Comcast HSI Woes
on 02.07.07, 06:12am in computers • share on facebook • comments (6)
For the last several days, my home Internet connection has completely slowed to a crawl. I’ve tried resetting my cable modem, resetting the router, flushing DNS caches and even resorted to a complete network power down for 15 minutes to let everything just ‘rest’ for awhile.
Alas, no luck. My internet speed still feels like it’s going through two tin cans connected by a string.
So for the time being, it’s looking like Comcast’s DNS servers have forsaken me. What’s even more frustrating is that there’s no FIOS or DSL options available here, so I’m pretty much stuck with Comcast’s wonderful service right now.
Sigh.

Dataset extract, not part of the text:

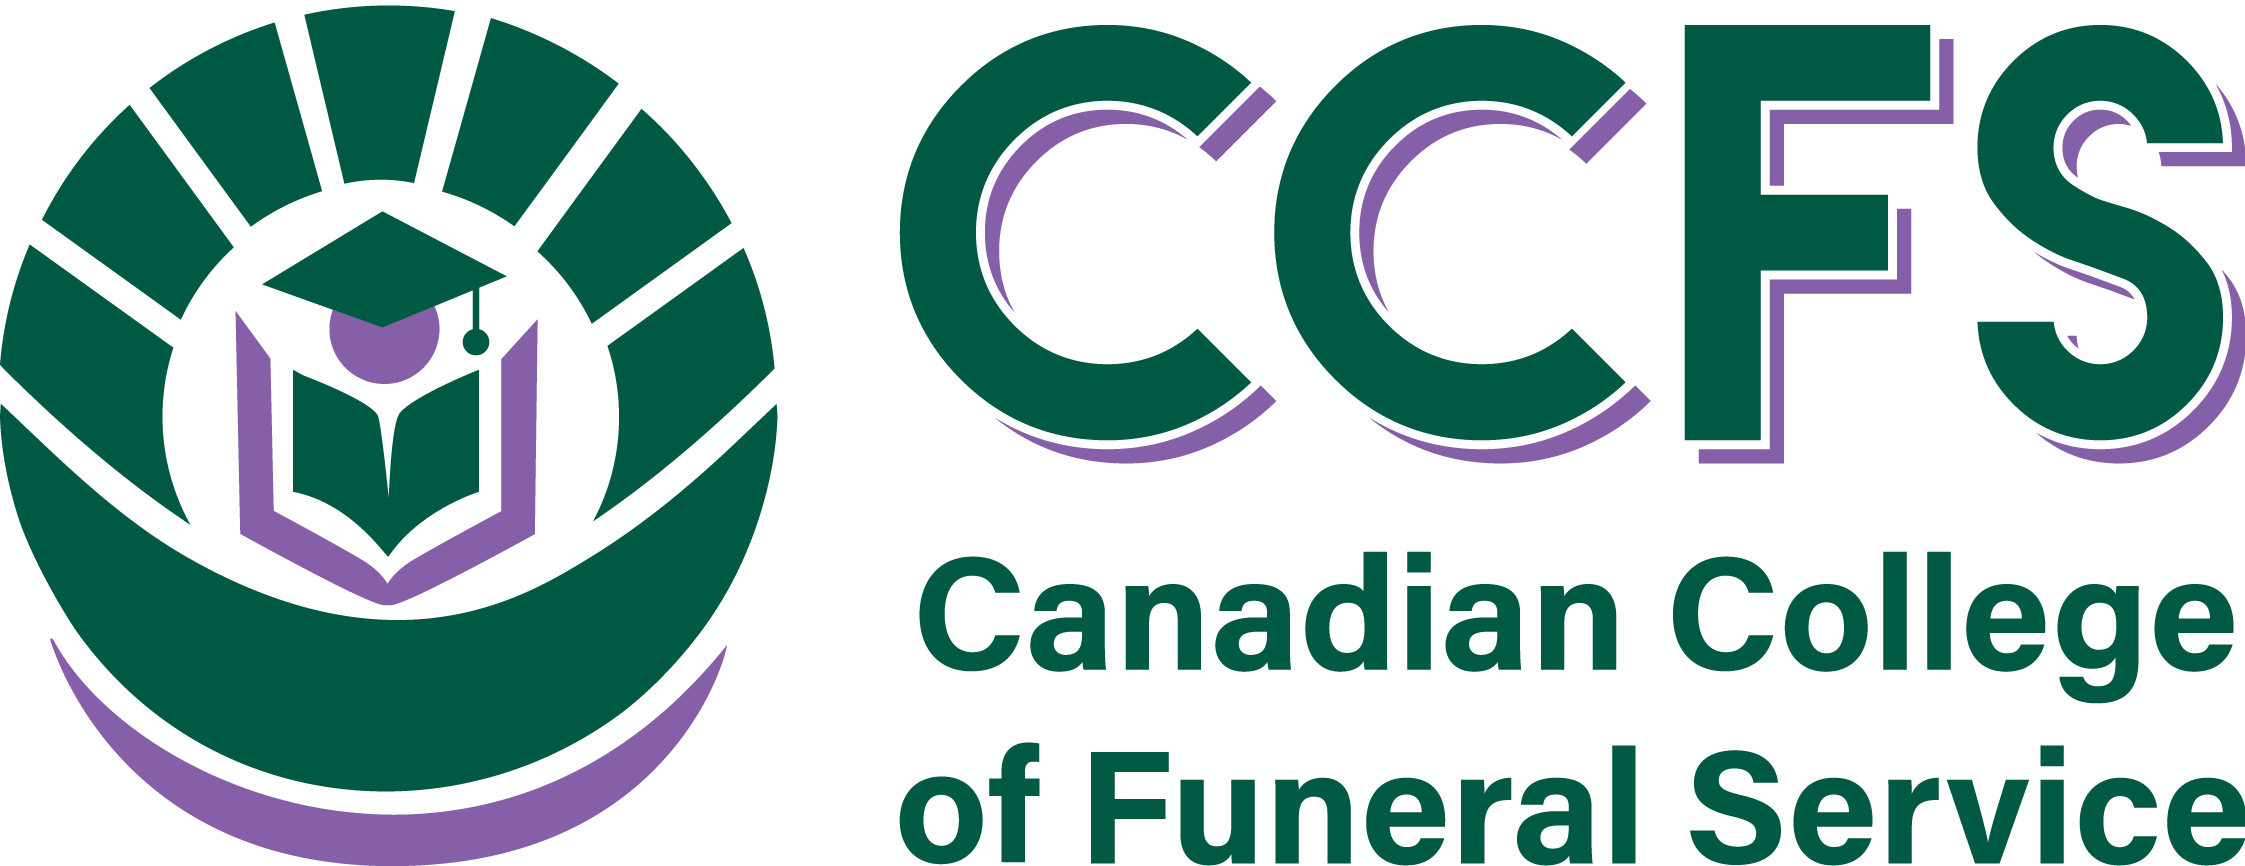 Canadian College of Funeral Service
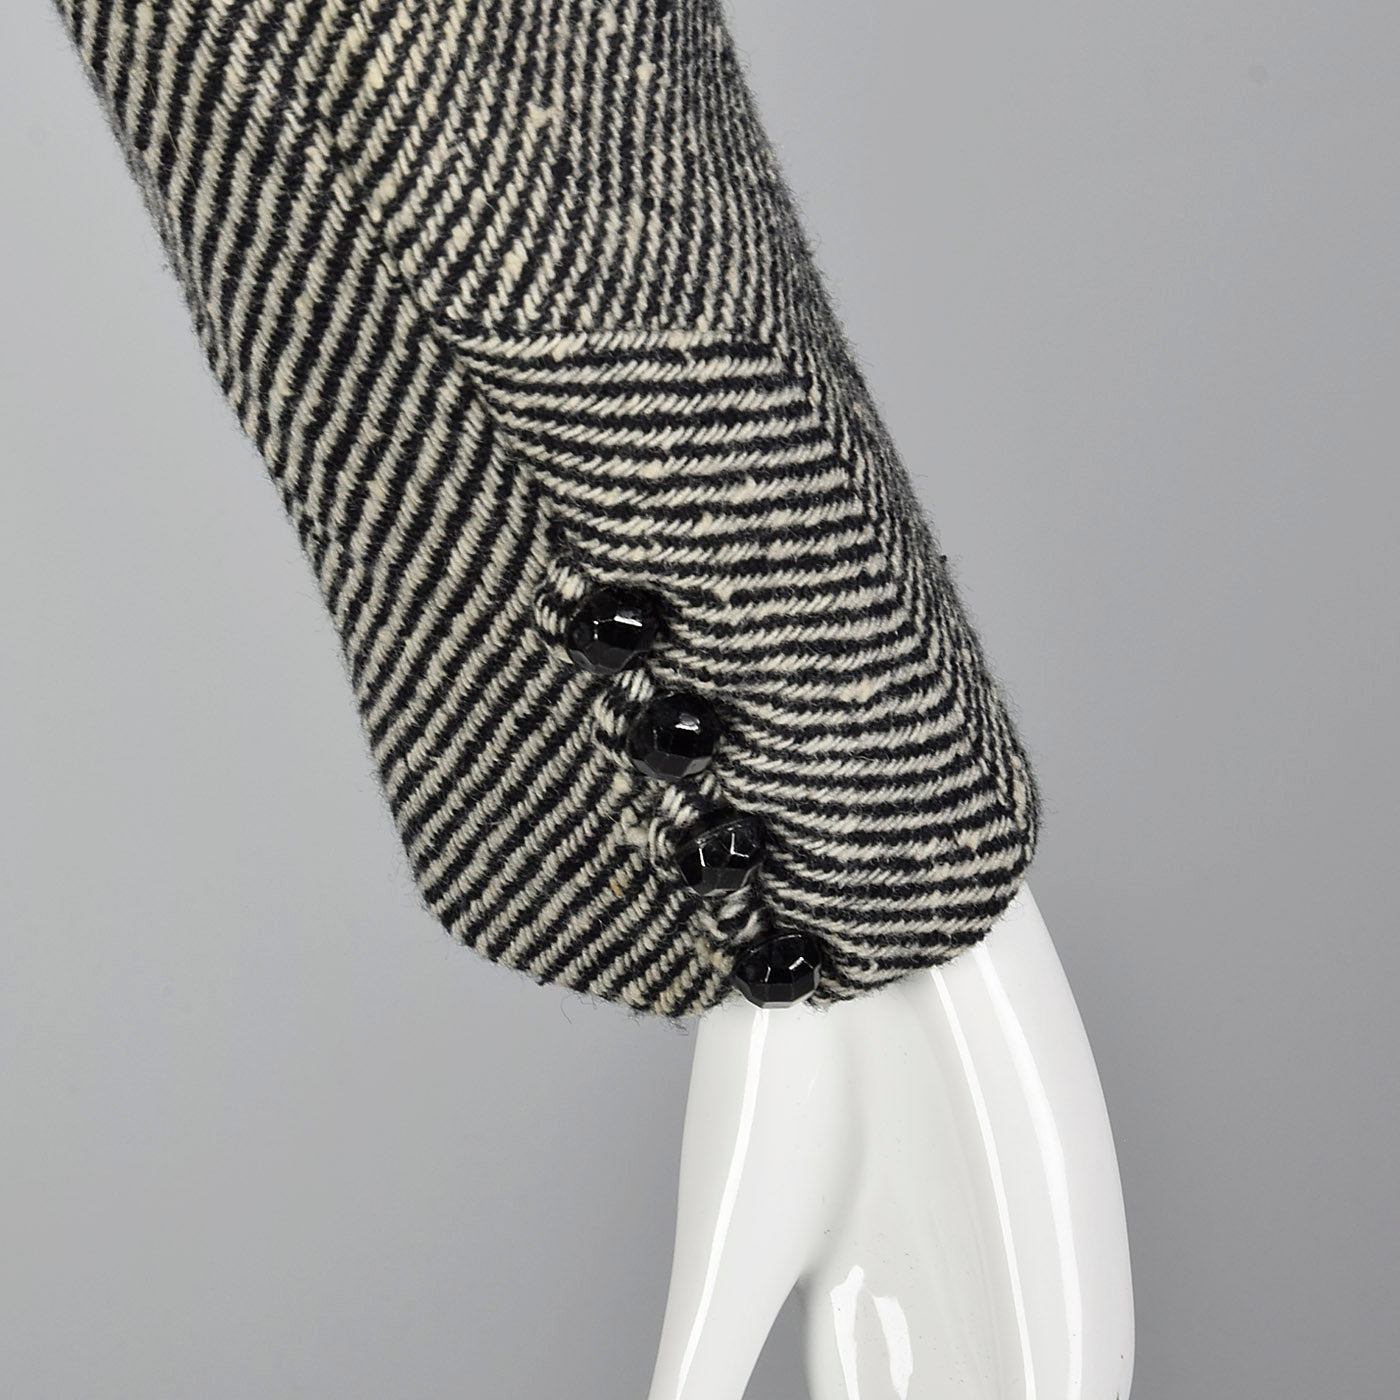 1960s Black and White Stripe Skirt Suit with Scarf

Technology – you gotta love it.





JeffMc (February 7, 2007 @ 8:28 am)
Well, all over the internet, DNS servers have been under attack, so it doesn’t surprise me. I tested my Comcast HSI at 10:20 am yesterday and I was getting over 7mbs download, once the DNS was resolved. That took a long time. My VOIP services have not been affected. I will say, between the hours of 4:30 till 9:00 PM, it slows to a crawl where I live, even after DNS resolves.
Dave Goodman (February 7, 2007 @ 8:47 am)
Have you tried http://www.opendns.com/ or one of the other free dns servers?
gdkzen (February 7, 2007 @ 2:44 pm)
Maybe your modem caught a spike during the blackouts. I started having problems like this after a power outage in CT. Turns out that a transformer blew up and sent spikes to the local cable splitter/buffer. Alot of people’s set top boxes were fried, and my modem became flaky. Everything returned to normal after I bought a new one.
Brettski (February 7, 2007 @ 4:20 pm)
Come on Steve, DNS issues are easy to overcome, and you work for Microsoft–I am sure there is other DNS server you can point your router too for a short time. Worse case, take an old machine, use your MSDN copy of Windows server 200x and set one up until this is passes. Use parallels on the the MacBook and setup another VM for a while. I have never used the free DNS services, so I can’t speak to them. Basically you need always need a contingency plan for DNS because Comcast is always having issues with their DNS servers. Good Luck!
Steve (February 10, 2007 @ 5:02 am)
The last thing I want to do is set up my own DNS server.
But, you’re right – comcast’s dns servers are pretty unreliable these days.
OffBeatMammal (March 2, 2007 @ 12:35 pm)
I second the OpenDNS solution.
Just updated my router to use that rather than the Comcast supplied ones and all of a sudden my connection got it’s mojo back.